Event-based Photometric Stereo via Rotating Illumination and Per-Pixel Learning
Hyunwoo Kim, Won-Hoe Kim, Sanghoon Lee, Jianfei Cai, Giljoo Nam, Jae-Sang Hyun

TL;DR
This paper introduces an event-based photometric stereo system using a rotating light source and a per-pixel neural network, enabling accurate surface normal estimation under challenging lighting conditions.
Contribution
It presents a novel event-based approach with a rotating illumination setup and a lightweight neural network that does not require calibration, improving robustness and scalability.
Findings
Achieves 7.12% lower mean angular error than existing methods.
Effective in high dynamic range and ambient illumination conditions.

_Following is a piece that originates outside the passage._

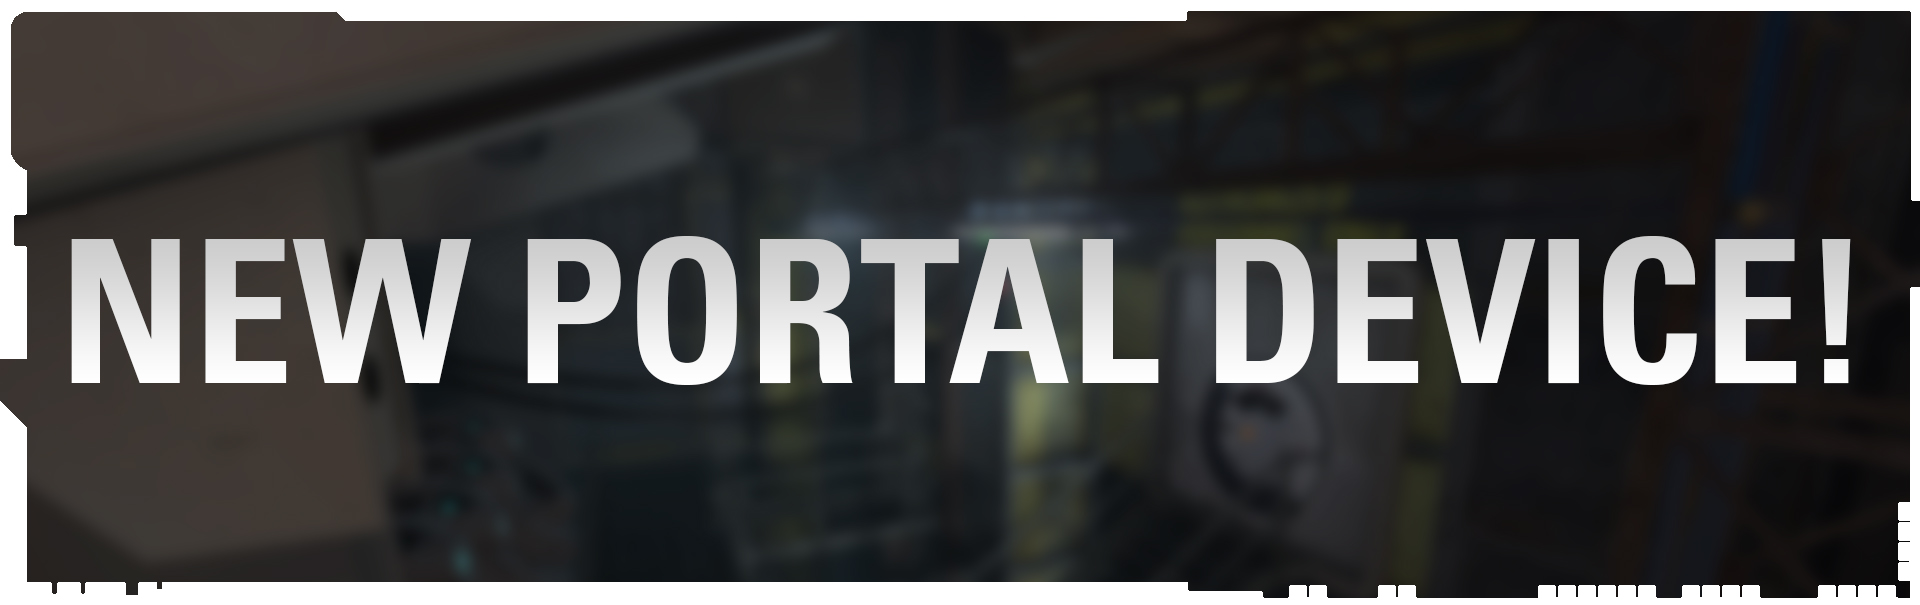 1 portaldevice

Robust in regions with sparse events and specularities.
Abstract
Photometric stereo is a technique for estimating surface normals using images captured under varying illumination. However, conventional frame-based photometric stereo methods are limited in real-world applications due to their reliance on controlled lighting, and susceptibility to ambient illumination. To address these limitations, we propose an event-based photometric stereo system that leverages an event camera, which is effective in scenarios with continuously varying scene radiance and high dynamic range conditions. Our setup employs a single light source moving along a predefined circular trajectory, eliminating the need for multiple synchronized light sources and enabling a more compact and scalable design. We further introduce a lightweight per-pixel multi-layer neural network that directly predicts surface normals from event signals generated by intensity changes as the light…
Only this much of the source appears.